Ya nos pasó una vez en Waverley y cada vez que piso esa estación sufro la culpa de haber sido yo la responsable, porque no leí bien la hora de salida en el boleto y si no tomábamos aquel tren no íbamos a llegar a otro tren que nos iba a llevar a un aeropuerto donde teníamos que agarrar un avión que nos dejaba… en fin, no soporto las carreras al borde del espanto y de la incertidumbre de llegar tarde.

Pero esta vez llegamos a tiempo y nos embarcamos felices, dos segundos antes de que el tren arrancara y nos felicitamos por nuestra suerte y por el buen día que estaba haciendo y porque no había nada de qué preocuparse si ya estábamos en camino y sólo teníamos que relajarnos y esperar a que llegáramos a la última estación, media hora más tarde.

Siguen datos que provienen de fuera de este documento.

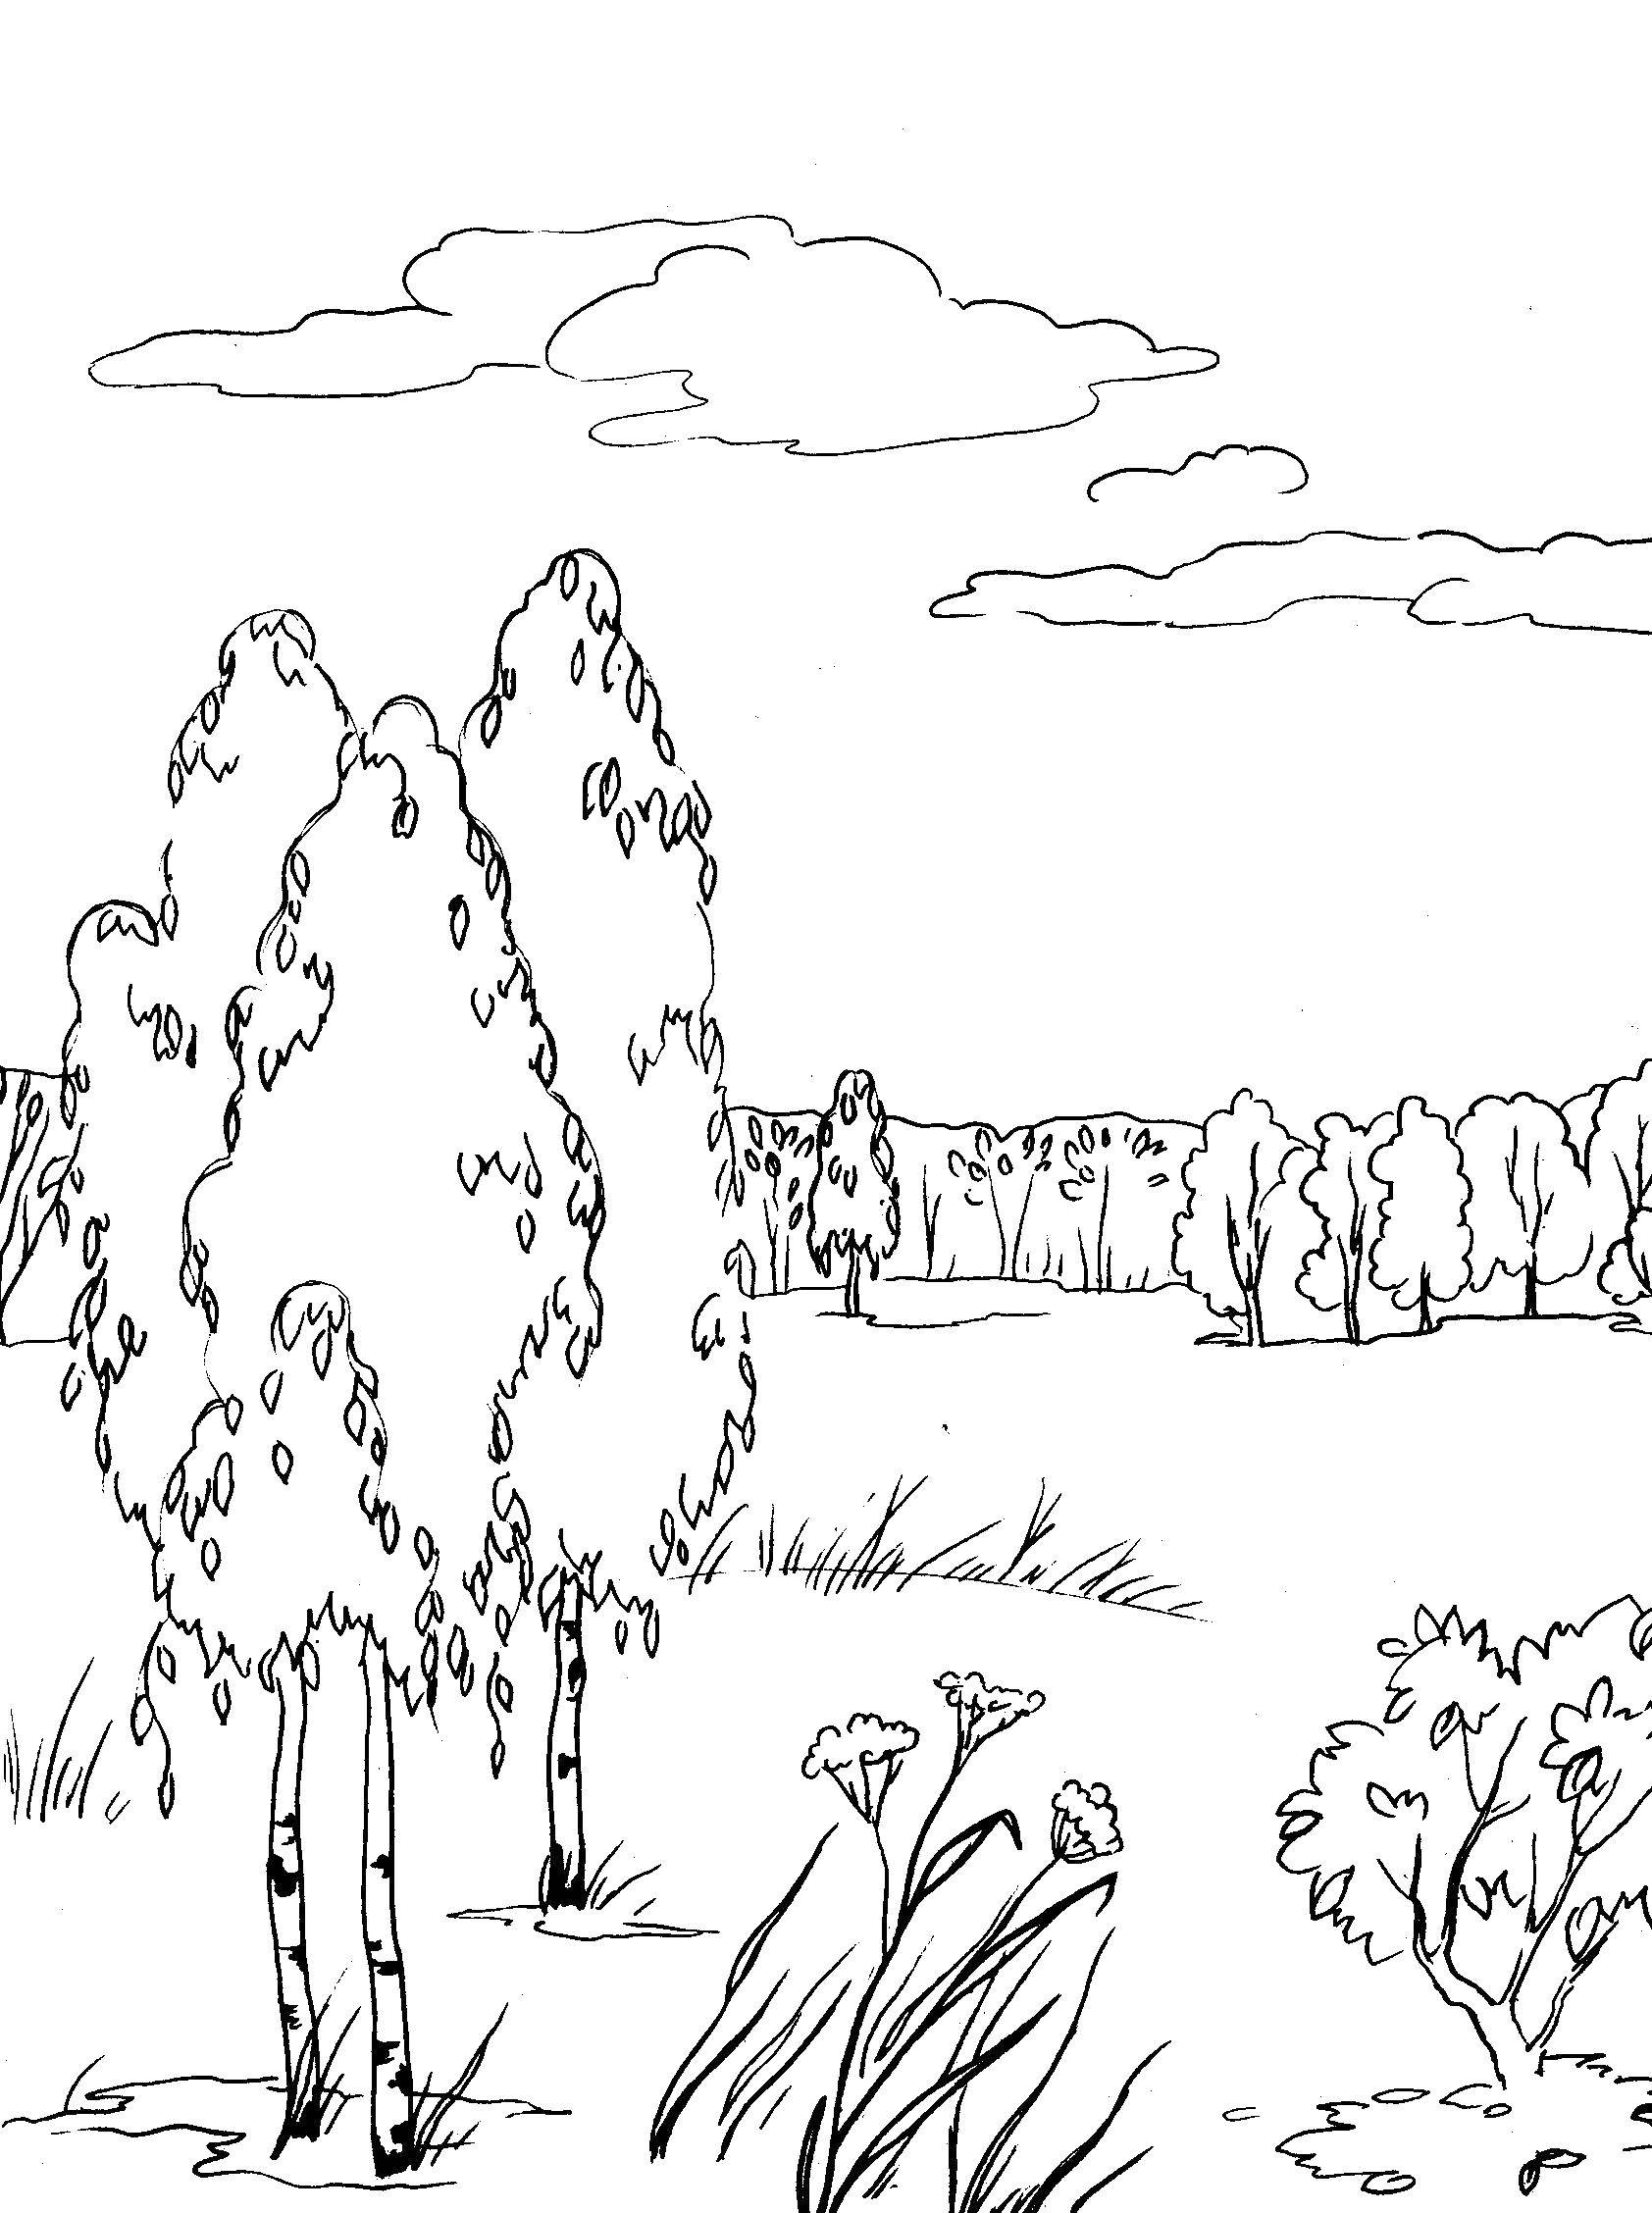 Coloring Birch forest. Category Nature. Tags:  the forest.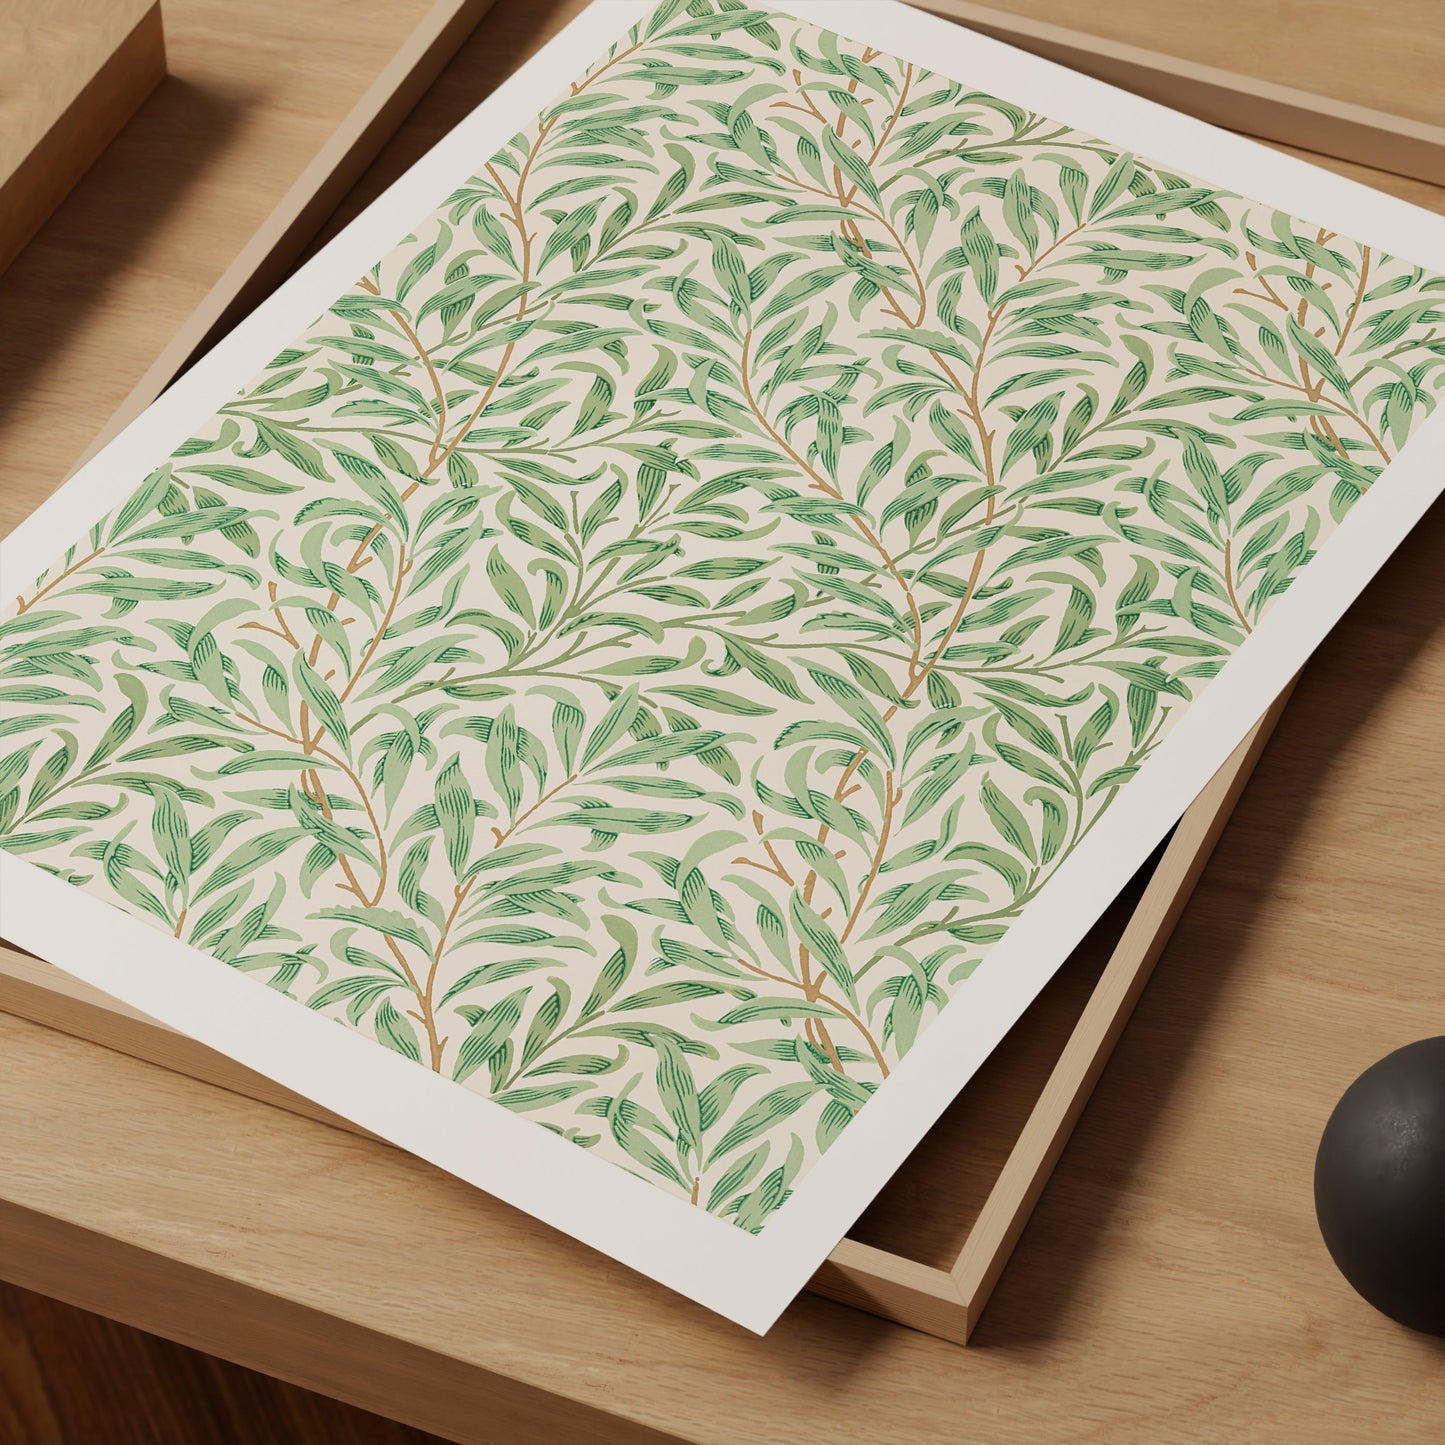 a picture of a green leafy pattern on a piece of paper

Llegamos por fin y ahí estaba el mar, tan azul como lo habíamos visto antes. Más lleno, porque la marea estaba alta y no se veían las rocas del fondo. La piscina que construyeron para que se bañaran los niños, al lado del centro de observación de aves, también estaba llena y rodeada de agua y no de piedras como cuando la marea está baja. Muchos niños jugaban en el agua helada, acompañados por sus confiados padres, sin preocuparse por nada.

Más allá de la marea alta todo estaba igual que la última vez. Pero al acercarnos al agua me pareció que olía como a huevos podridos o a baño turco y se lo dije a Lyo, que se impresiona mucho con esas cosas, pero se hace el que no me cree. El asunto es que habíamos leído en The Times que una gran cantidad de playas británicas contienen una proporción de deshechos fecales mucho más alta de la aprobada por los organismos europeos encargados de fijar los estándares de limpieza del agua. La razón: cuando llueve más de la cuenta, las plantas que se encargan del tratamiento de las aguas negras las descargan directo al mar, porque no pueden procesar el exceso que reciben. El resultado: el mar se contamina y la gente se baña, literalmente, en su propia mierda. O en mierda ajena, que es lo mismo, pero peor.

Aún así, no nos dejamos desanimar por las apariencias. Elegimos un lugar desocupado, extendimos nuestro pareo azul y nos echamos a disfrutar del sol y a comer unos sanduchitos que habíamos preparado en casa y a leer y a mirar a la gente pasar. Yo decidí de entrada que no me bañaría. Pero Lyo estuvo dudando durante largo rato si bañarse o no. Al final se decidió, porque el sol calentaba bastante, y estuvo unos quince minutos metido en el agua helada, sin animarse mucho a nadar o a moverse del mismo sitio. Al salir tenía los labios morados y temblaba como un pajarito enfermo. Ese es el precio que hay que pagar por un chapuzón en el mar del norte. Mejor dicho, ése es sólo uno de los precios.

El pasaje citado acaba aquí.